Jean’s investigation intensifies when a coworker at Le Petit Journal reveals more about Paula’s past: a brutal rape connected to a man named Jean De Lancry, who also killed Paula’s sister. As the clues converge, Jean recalls a fan he met at the theatre—an ominous figure named Eugène—whose existence ties together the threats Paula has faced and the murders tearing through the town. The sense of danger tightens around the theatre, and Paula’s fate seems increasingly bound to the violence that surrounds her.

The director of the theatre, André, and the other powers that govern the venue tighten their grip, making clear that Paula is “the property” of the stage and its people. Jean, in a bid to secure his own future, bargains with his editor for months of salary and two tickets to Los Angeles in exchange for finishing his story. He hurries back to the theatre to rescue Paula, only to be confronted by the jealous husband who now seeks to destroy him. Paula steps into a new, deadly moment on stage, unaware that she is walking into a trap.
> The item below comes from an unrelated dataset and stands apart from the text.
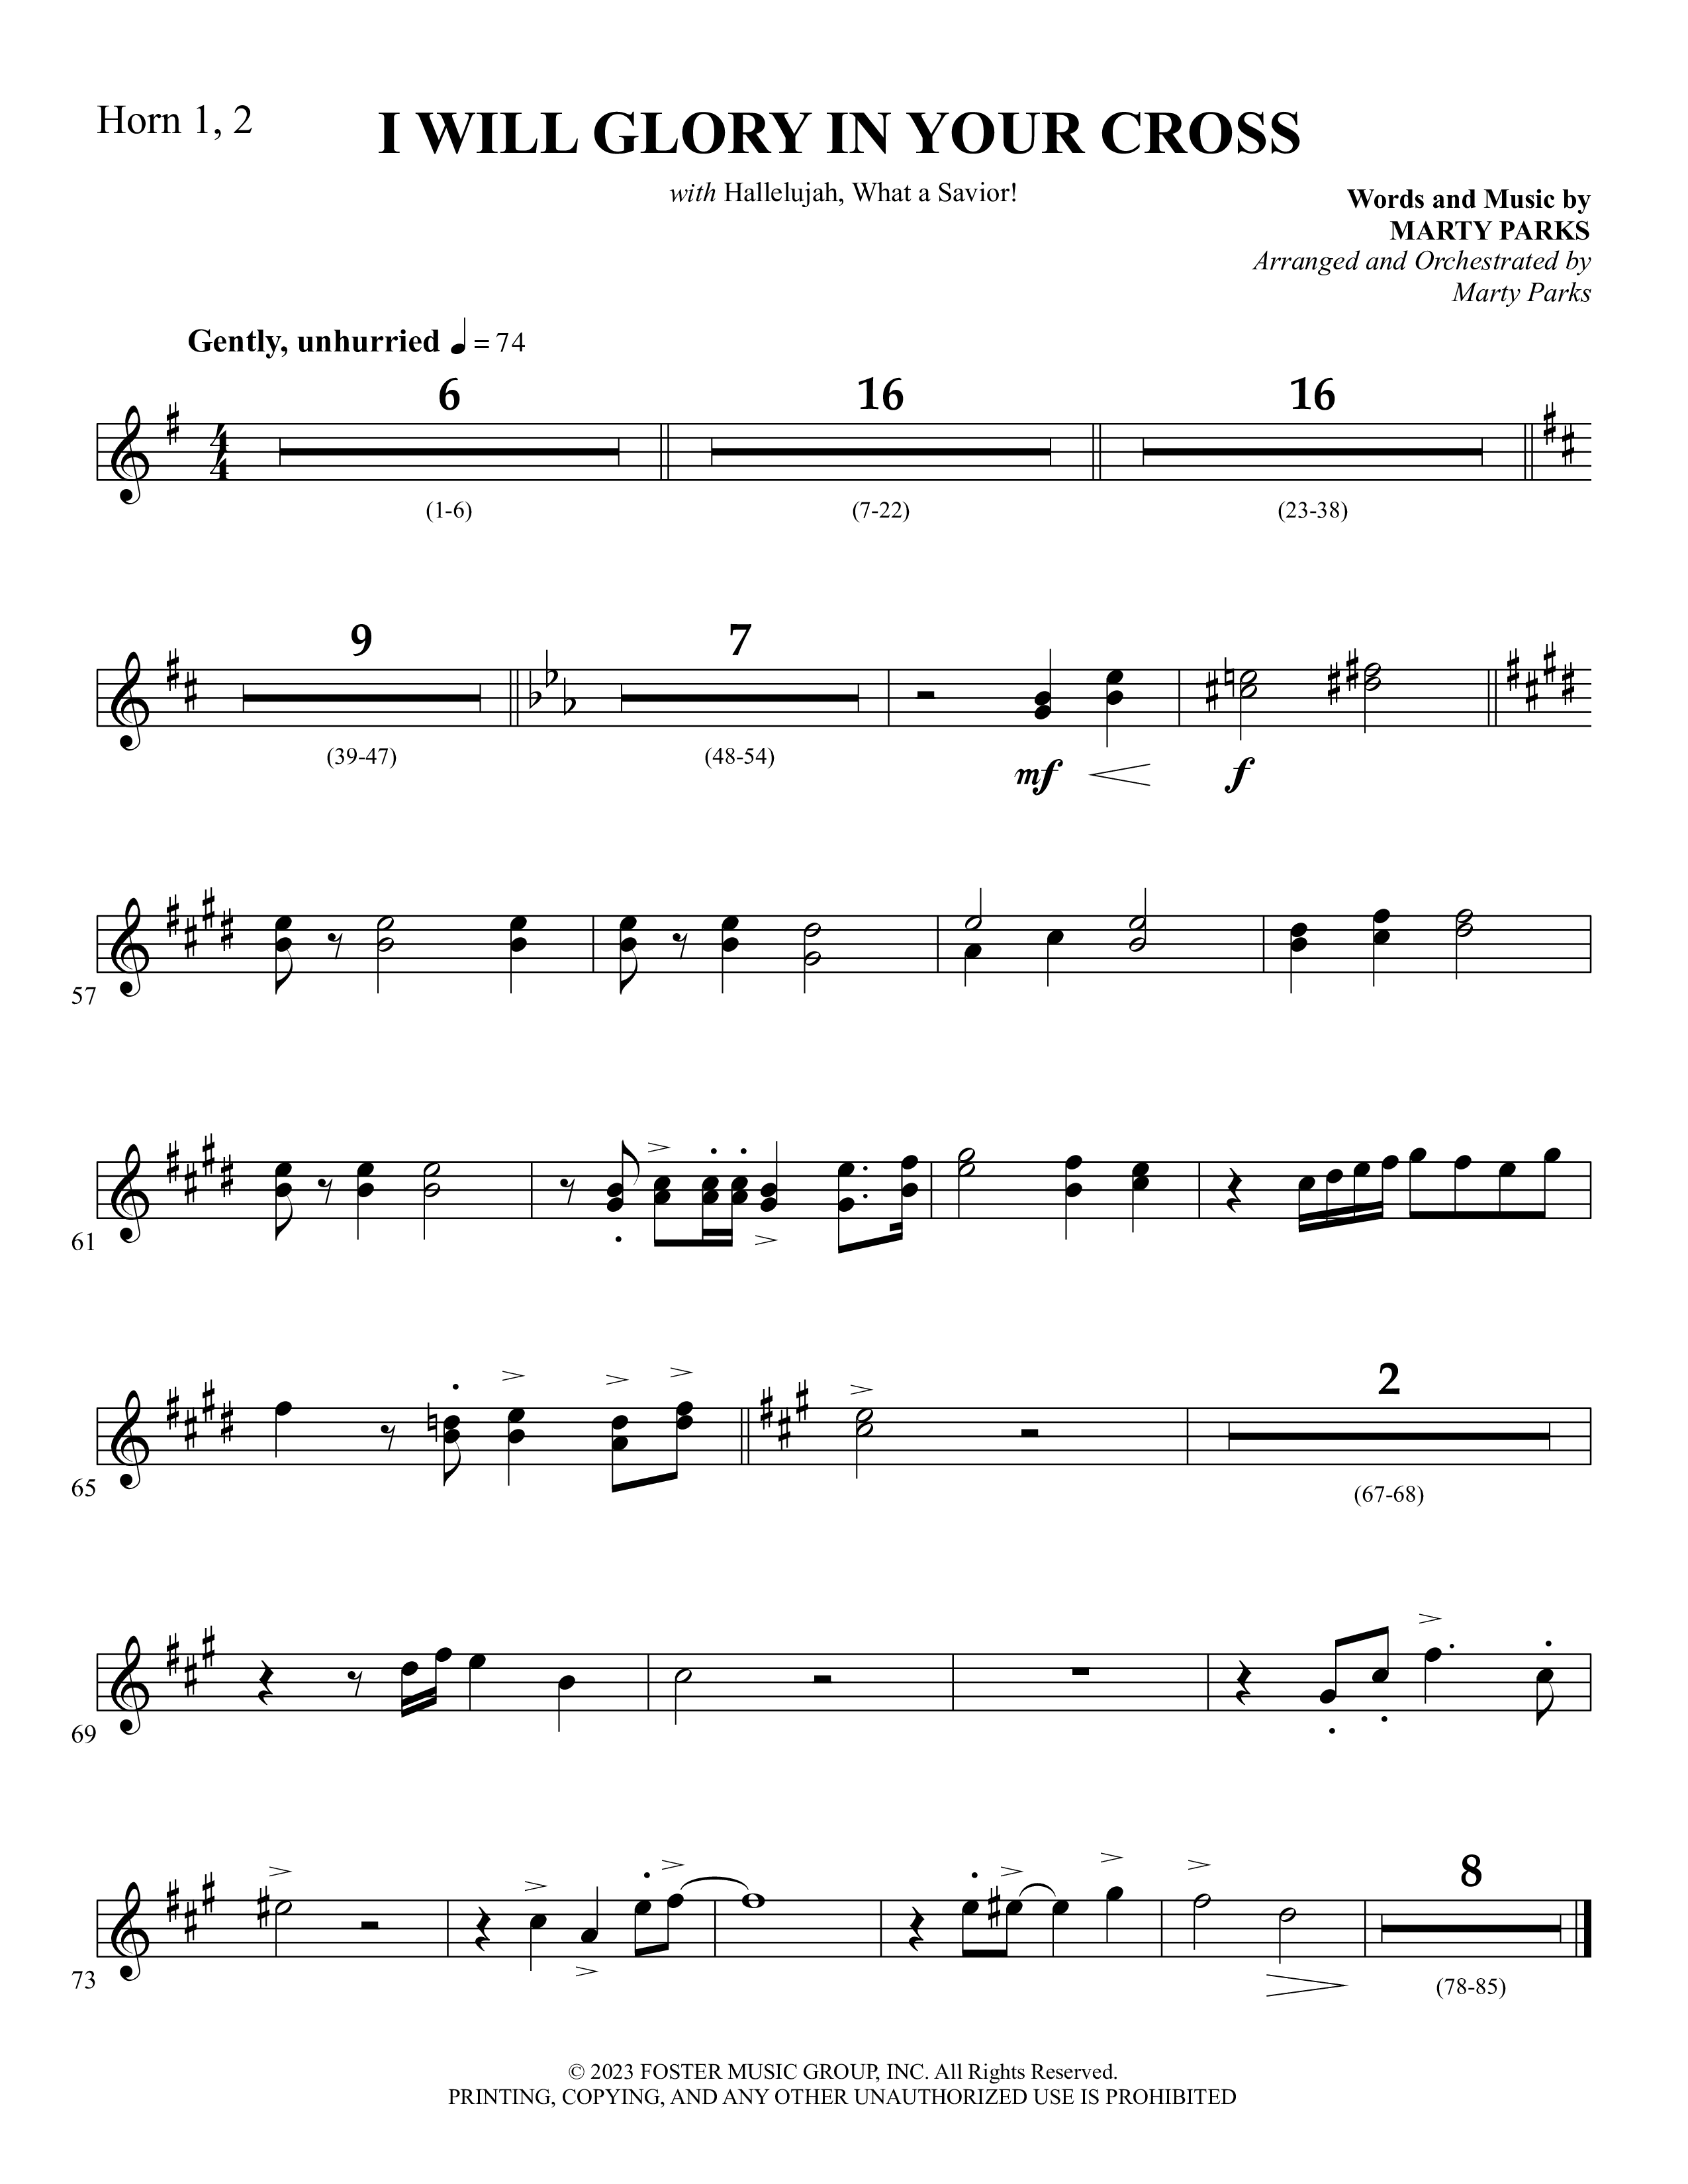 I Will Glory In Your Cross (with Hallelujah What A Savior) French Horn 1/2 (Foster Music Group / Arr. Marty Parks)

As the performance begins, the stage is set to appear as though Paula’s throat is to be sliced, using the elaborate effects crafted by Paul. At the last moment, the real killer—Jean De Lancry—steps forward and uses a real knife to deliver the fatal blow. The audience cheers at first, thinking it’s art, but the blood soon reveals the horror, sending the crowd into panic. In a cruel twist, Paul swaps Paula’s corpse with Violette’s “dead” body, and he is arrested for Paula Maxa’s murder, while the theatre closes its doors.

In death, Paula is laid to rest with her tomb bearing the body of Violette inside, while Paula herself appears alive in the cemetery, still haunted by visions of the man with the cane. She calls out for Jean to join her in a car, and the man who seemed to be dead reappears pale and smiling, a final reminder that the line between performance and reality has collapsed. Paula ultimately leaves in a car driven by Paul, leaving Jean to wander the streets, grieving and disturbed, as he continues to murder women who resemble the actress he cannot forget.

The film closes on a chilling note: the world Paula inhabited—where art, illusion, and real peril collide—persists in the shadows, and the killer’s memory lingers in the streets, echoing the old stage whispers that once named a legend.